[Data records]
──────
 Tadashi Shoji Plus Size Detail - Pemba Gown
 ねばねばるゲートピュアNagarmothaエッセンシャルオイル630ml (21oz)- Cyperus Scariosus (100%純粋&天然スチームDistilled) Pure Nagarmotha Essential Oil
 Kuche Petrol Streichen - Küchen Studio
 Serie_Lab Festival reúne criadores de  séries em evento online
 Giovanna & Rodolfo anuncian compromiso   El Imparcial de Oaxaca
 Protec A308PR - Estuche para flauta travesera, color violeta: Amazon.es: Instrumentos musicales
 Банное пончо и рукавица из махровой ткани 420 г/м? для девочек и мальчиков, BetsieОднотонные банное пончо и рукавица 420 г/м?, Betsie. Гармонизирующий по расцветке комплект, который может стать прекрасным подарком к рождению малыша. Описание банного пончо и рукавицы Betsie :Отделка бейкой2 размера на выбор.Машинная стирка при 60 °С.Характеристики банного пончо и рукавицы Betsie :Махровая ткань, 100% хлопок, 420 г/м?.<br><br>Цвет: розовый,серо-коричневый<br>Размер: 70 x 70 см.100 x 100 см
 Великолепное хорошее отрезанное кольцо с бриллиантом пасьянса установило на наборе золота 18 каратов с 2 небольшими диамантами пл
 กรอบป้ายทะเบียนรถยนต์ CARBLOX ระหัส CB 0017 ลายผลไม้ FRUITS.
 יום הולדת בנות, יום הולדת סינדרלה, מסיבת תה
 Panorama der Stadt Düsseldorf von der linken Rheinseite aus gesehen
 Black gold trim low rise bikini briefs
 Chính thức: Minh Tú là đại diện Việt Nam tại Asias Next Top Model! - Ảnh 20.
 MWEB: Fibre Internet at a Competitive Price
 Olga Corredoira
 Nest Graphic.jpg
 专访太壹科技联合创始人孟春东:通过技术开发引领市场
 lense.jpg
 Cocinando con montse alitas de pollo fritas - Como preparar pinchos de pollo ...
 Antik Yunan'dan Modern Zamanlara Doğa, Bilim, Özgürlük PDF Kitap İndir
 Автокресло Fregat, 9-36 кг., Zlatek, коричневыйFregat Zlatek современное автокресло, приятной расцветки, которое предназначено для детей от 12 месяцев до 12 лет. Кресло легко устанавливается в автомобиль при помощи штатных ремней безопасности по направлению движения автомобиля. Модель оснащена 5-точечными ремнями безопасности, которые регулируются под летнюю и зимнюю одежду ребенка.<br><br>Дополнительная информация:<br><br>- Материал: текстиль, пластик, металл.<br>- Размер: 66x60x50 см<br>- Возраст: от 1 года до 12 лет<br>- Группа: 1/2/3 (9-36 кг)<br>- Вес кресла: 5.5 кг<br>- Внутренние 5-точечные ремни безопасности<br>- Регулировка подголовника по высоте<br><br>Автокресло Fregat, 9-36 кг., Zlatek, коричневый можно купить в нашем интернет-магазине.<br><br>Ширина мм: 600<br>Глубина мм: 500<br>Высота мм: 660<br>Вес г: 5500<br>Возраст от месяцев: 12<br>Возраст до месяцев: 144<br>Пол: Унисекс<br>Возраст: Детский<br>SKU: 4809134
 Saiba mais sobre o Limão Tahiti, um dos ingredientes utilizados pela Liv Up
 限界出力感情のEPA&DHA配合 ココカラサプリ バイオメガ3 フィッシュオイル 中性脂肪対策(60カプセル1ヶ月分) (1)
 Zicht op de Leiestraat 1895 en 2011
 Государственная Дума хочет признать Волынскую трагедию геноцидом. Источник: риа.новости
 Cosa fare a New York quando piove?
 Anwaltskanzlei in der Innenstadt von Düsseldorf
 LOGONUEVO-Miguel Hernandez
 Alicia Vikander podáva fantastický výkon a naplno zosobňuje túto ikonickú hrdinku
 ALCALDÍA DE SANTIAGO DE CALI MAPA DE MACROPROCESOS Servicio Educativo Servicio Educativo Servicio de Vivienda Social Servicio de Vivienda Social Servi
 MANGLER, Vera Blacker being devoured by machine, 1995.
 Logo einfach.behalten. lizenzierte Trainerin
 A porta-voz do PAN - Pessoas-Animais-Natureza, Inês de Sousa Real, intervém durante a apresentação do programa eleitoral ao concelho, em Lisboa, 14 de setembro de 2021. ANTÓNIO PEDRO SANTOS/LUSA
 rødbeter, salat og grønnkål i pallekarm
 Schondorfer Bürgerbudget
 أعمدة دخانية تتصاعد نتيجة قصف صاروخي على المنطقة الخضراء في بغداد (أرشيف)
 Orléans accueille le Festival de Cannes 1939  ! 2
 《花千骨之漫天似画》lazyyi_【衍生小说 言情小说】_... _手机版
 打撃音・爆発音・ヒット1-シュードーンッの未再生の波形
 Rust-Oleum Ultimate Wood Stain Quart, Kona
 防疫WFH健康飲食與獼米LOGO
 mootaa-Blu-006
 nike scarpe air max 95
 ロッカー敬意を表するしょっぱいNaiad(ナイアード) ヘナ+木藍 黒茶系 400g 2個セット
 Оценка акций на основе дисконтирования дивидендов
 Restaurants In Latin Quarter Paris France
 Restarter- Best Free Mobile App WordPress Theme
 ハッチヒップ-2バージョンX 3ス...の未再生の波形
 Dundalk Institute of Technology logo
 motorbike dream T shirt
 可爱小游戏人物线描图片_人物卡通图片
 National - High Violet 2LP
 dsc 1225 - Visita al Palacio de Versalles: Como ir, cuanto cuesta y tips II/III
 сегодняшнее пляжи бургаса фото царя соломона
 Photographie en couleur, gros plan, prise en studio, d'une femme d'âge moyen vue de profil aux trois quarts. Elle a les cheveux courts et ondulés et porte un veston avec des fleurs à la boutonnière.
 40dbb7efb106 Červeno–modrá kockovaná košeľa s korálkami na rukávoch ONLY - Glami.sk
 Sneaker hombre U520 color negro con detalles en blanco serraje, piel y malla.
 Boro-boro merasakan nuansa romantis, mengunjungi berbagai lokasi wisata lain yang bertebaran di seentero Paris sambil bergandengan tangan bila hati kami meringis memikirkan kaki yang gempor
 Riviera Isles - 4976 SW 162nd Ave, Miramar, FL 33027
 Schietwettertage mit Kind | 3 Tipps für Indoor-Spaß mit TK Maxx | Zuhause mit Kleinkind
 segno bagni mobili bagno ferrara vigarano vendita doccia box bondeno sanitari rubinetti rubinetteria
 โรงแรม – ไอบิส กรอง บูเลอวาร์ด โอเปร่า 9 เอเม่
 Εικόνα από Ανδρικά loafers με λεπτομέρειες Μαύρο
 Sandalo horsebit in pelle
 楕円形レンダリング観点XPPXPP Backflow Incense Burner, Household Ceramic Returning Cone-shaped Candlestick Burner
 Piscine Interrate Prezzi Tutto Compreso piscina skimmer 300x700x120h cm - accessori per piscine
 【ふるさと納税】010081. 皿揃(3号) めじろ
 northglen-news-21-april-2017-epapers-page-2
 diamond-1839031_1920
──────
== Your objective ==
Write out exactly the lines that begin at the one containing "Riviera Isles - 4976" and continue through the last line of the data, and only those.

== Written response ==
 Riviera Isles - 4976 SW 162nd Ave, Miramar, FL 33027
 Schietwettertage mit Kind | 3 Tipps für Indoor-Spaß mit TK Maxx | Zuhause mit Kleinkind
 segno bagni mobili bagno ferrara vigarano vendita doccia box bondeno sanitari rubinetti rubinetteria
 โรงแรม – ไอบิส กรอง บูเลอวาร์ด โอเปร่า 9 เอเม่
 Εικόνα από Ανδρικά loafers με λεπτομέρειες Μαύρο
 Sandalo horsebit in pelle
 楕円形レンダリング観点XPPXPP Backflow Incense Burner, Household Ceramic Returning Cone-shaped Candlestick Burner
 Piscine Interrate Prezzi Tutto Compreso piscina skimmer 300x700x120h cm - accessori per piscine
 【ふるさと納税】010081. 皿揃(3号) めじろ
 northglen-news-21-april-2017-epapers-page-2
 diamond-1839031_1920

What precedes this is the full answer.